Another way to explore this data is to use supervised learning to build a classifier. Now, there are two uses of a classifier, and one tends to be emphasized much more than the other.
1. A classifier can be used to generate an automatic procedure for labeling points. This is useful if you want a method that automatically tells cars whether the object in front of them is a car or a pedestrian.
2. To identify features that are good predictors of labeled points.
I suppose that a central part of my philosophy is that point (2) is much more important in biological research than point (1). This has some implications down-stream (for example, we are slightly less worried about overfitting if we can test selected features via an orthogonal experimental approach).
Here, we want to build a classifier that uses gene expression levels to predict a binary outcome, luminal A
or luminal B
. However, we would like our machine to identify a small number of features that can accurately predict the outcome.
Typically, binary outcome prediction can be performed using logistic regression. However, in general, if we input $n$ features into a logistic regression algorithm, all $n$ features will have non-zero prediction coefficients: all genes will participate in the classification problem. While this could be useful in principle, in reality we often want to interpret the biomarkers, so we would like an algorithm that discards most gene expression levels in favor of a select few (there are additional problems with using 20,000 covariates, namely, overfitting).

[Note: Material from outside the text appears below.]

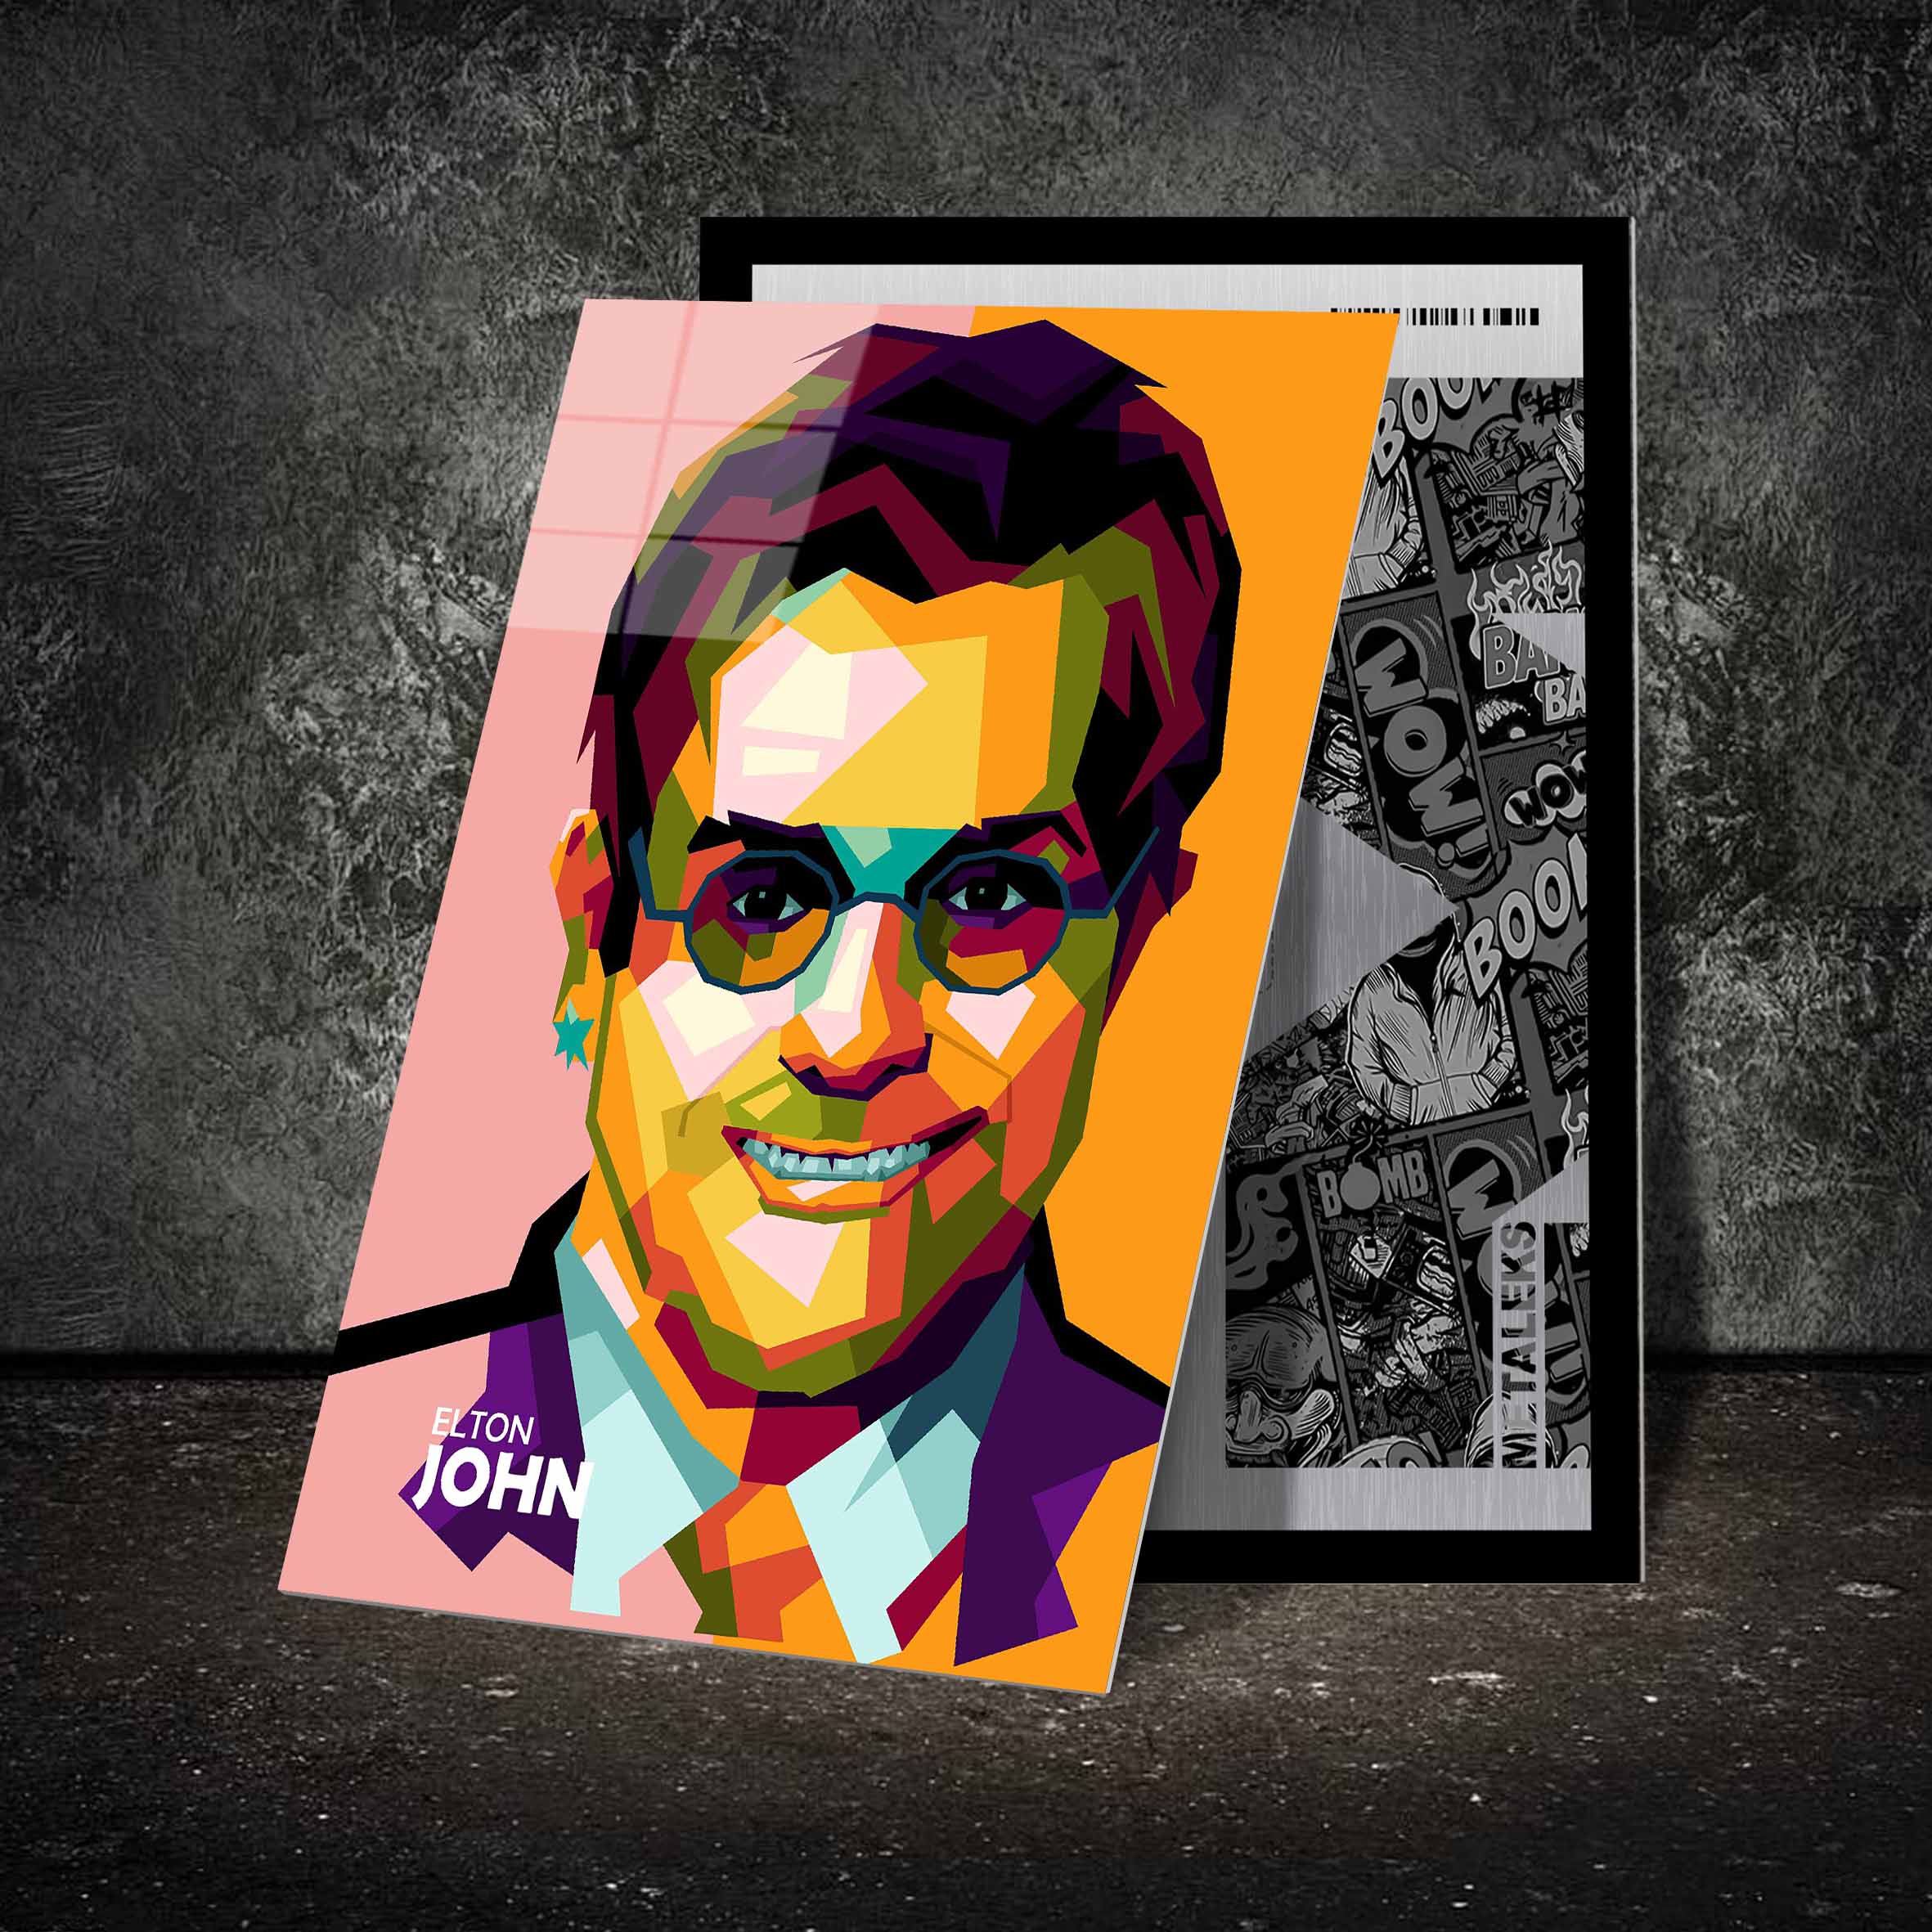 Elton John in fantastic pop art-designed by @Amirudin kosong enam

How can we modify logistic regression algorithms to do this? Well, an easy way is to exchange the commonly used $l_2$ norm for an $l_1$ norm. That is, instead of minimizing the sum of squares of the residuals, we can minimize the absolute value of the residuals. This has profound consequences, because the $l_1$ norm naturally drives coefficients that would simply be small under $l_2$ penalties towards extinction.
Note: Some people would use LASSO to address this problem. LASSO is a modified linear regression procedure similar to least-squares. Whereas least-squares uses an $l_2$ norm, LASSO performs the linear regression under an $l_1$ constraint. However, since our problem is categorical, I find $l_1$-norm regularized logistic regression a more suitable solution.
import pandas as pd
import numpy as np
import scanpy as sc
import umap
import matplotlib as mpl
import matplotlib.pyplot as plt
import seaborn as sns
from matplotlib import rc
from sklearn.linear_model import LogisticRegression
rc('text', usetex=True)
rc('text.latex', preamble=r'\usepackage{cmbright}')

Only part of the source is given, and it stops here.